**Exercise details**:
Your answer is to be the exact text of the lines from the one containing "واکس مو سام" through the final line of the entries, restated in full, with pictures omitted.

----- Data under study -----

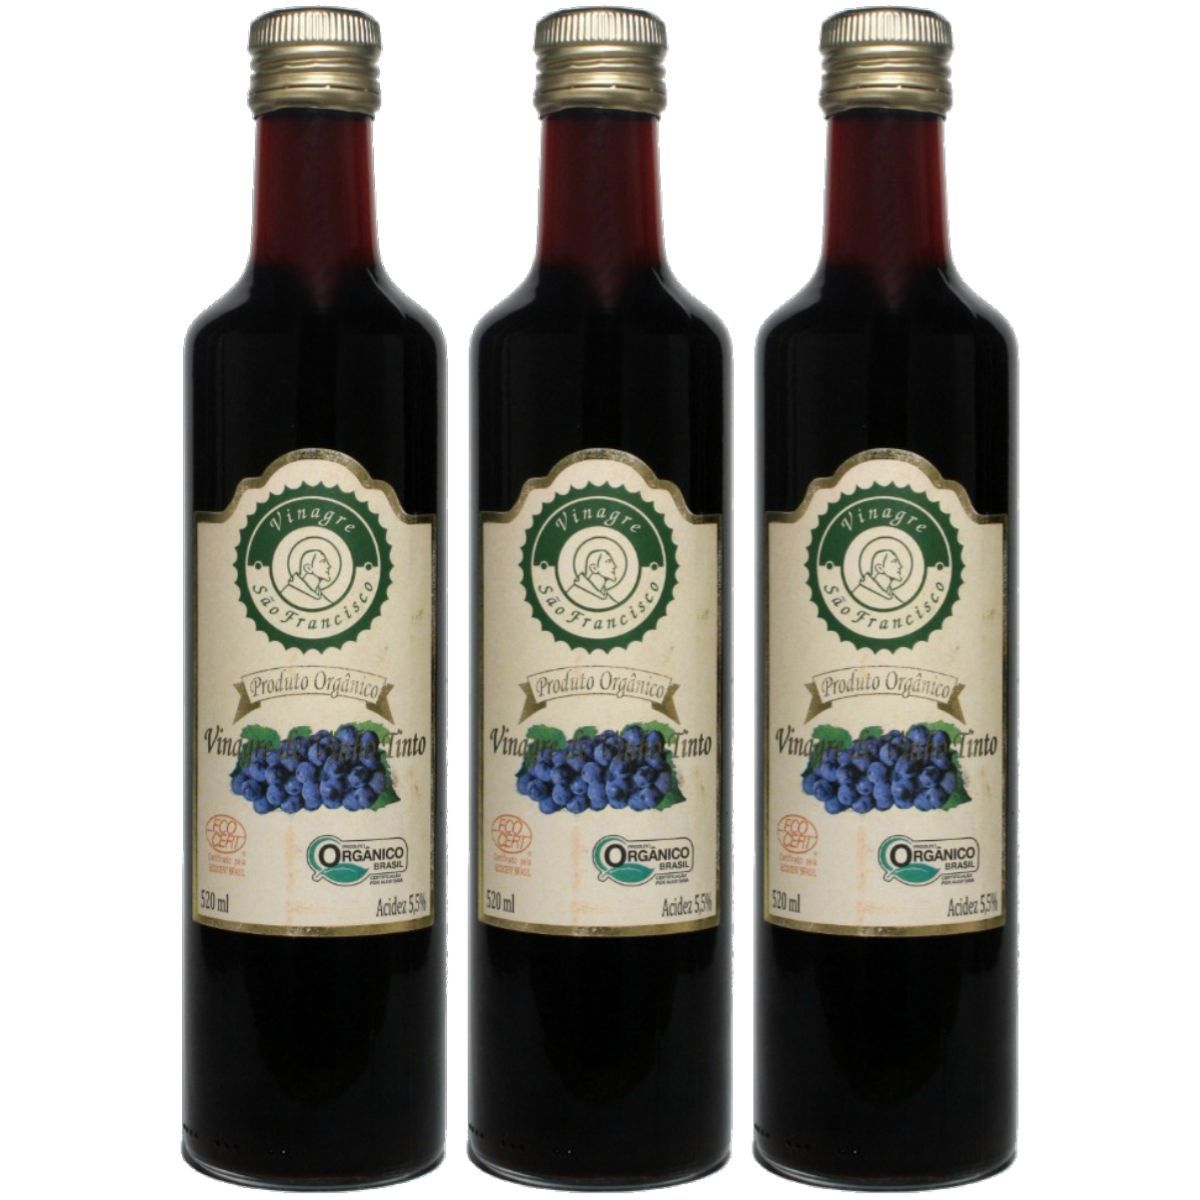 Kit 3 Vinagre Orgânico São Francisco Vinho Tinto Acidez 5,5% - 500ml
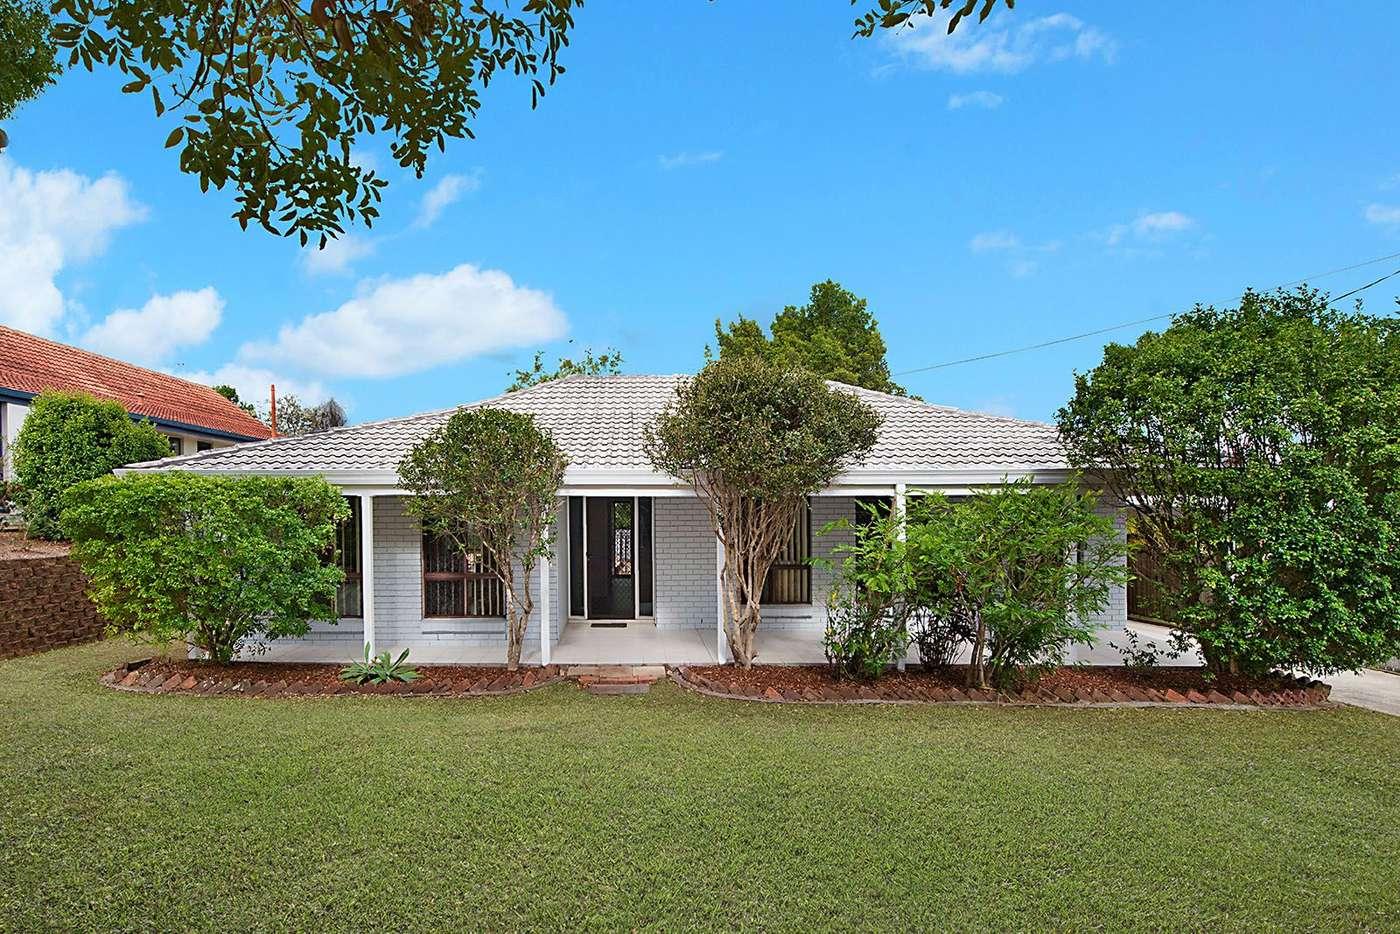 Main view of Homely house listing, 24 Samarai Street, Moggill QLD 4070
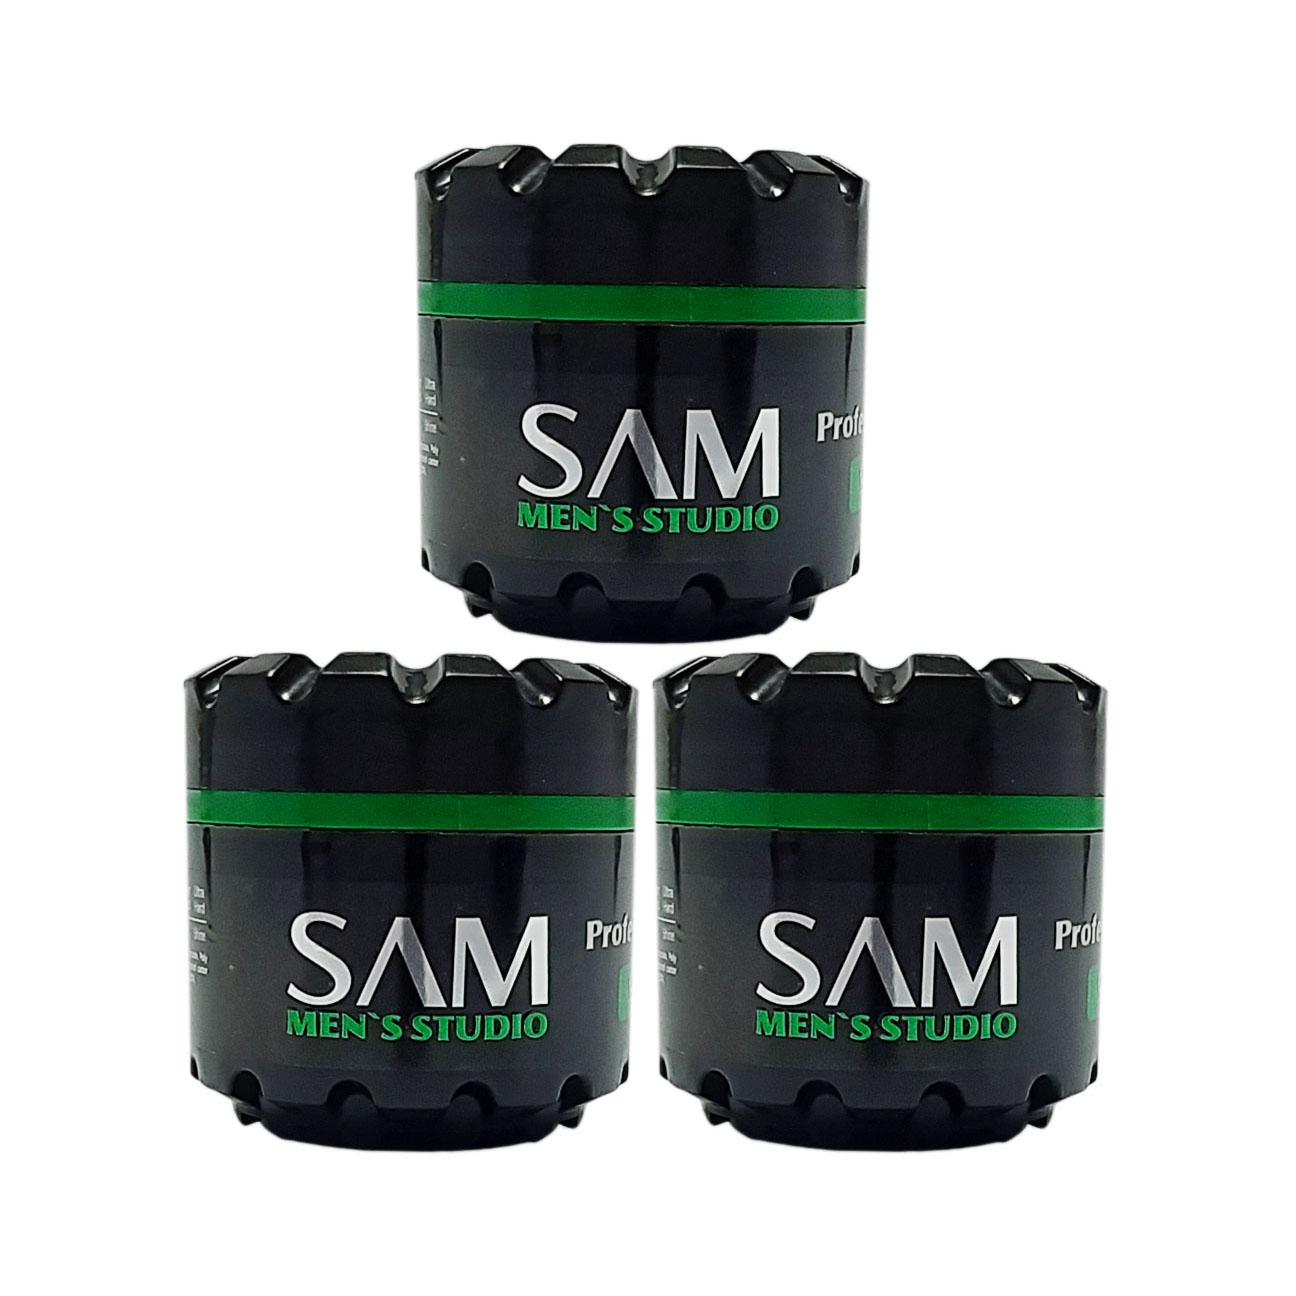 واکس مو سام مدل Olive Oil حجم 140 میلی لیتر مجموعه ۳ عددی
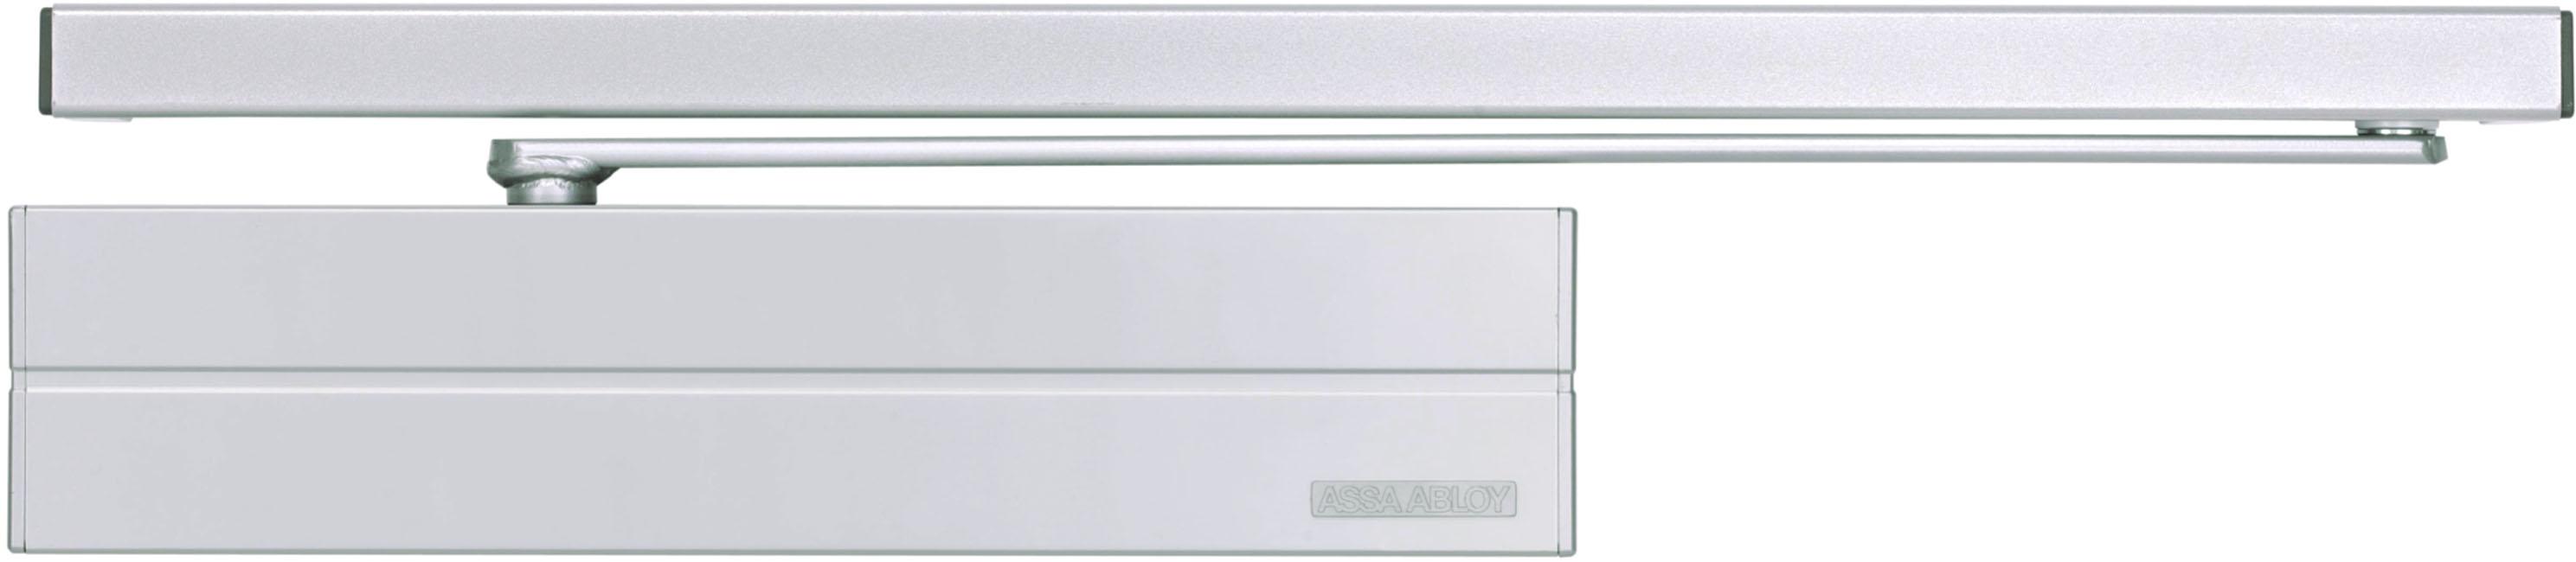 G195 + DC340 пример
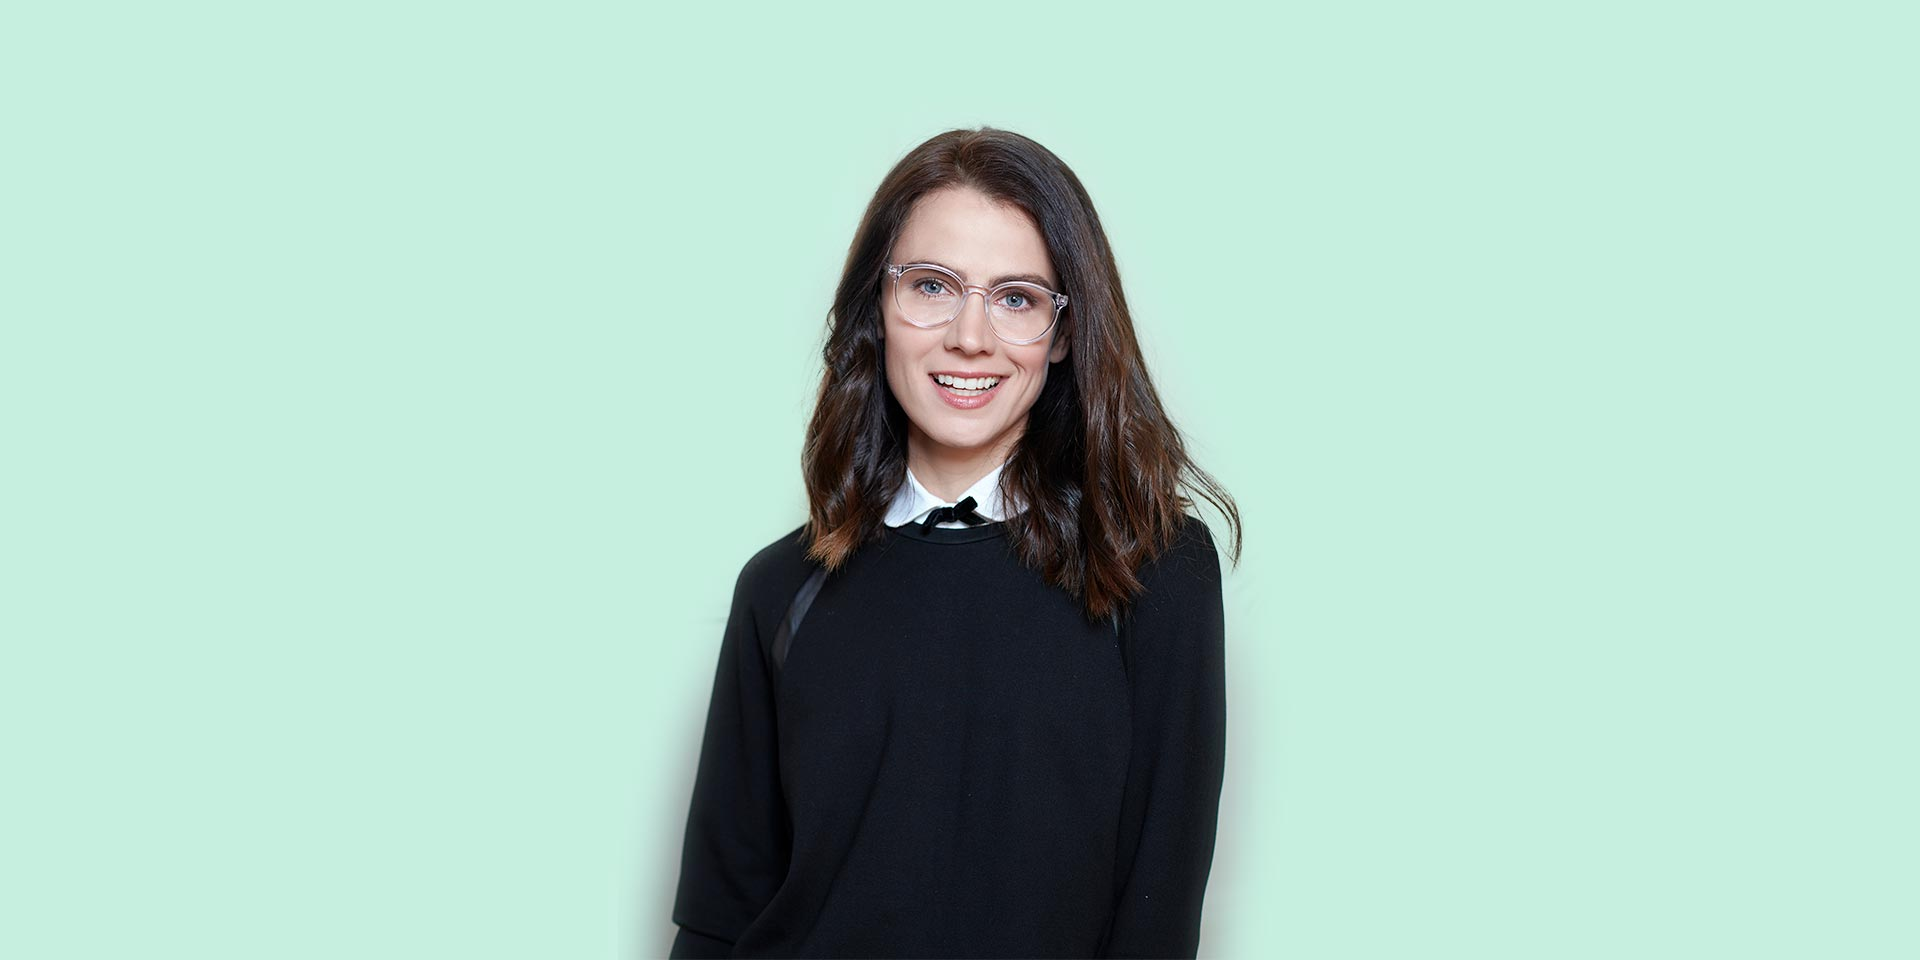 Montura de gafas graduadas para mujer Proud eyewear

-----

**Finished task**:
 واکس مو سام مدل Olive Oil حجم 140 میلی لیتر مجموعه ۳ عددی
 G195 + DC340 пример
 Montura de gafas graduadas para mujer Proud eyewear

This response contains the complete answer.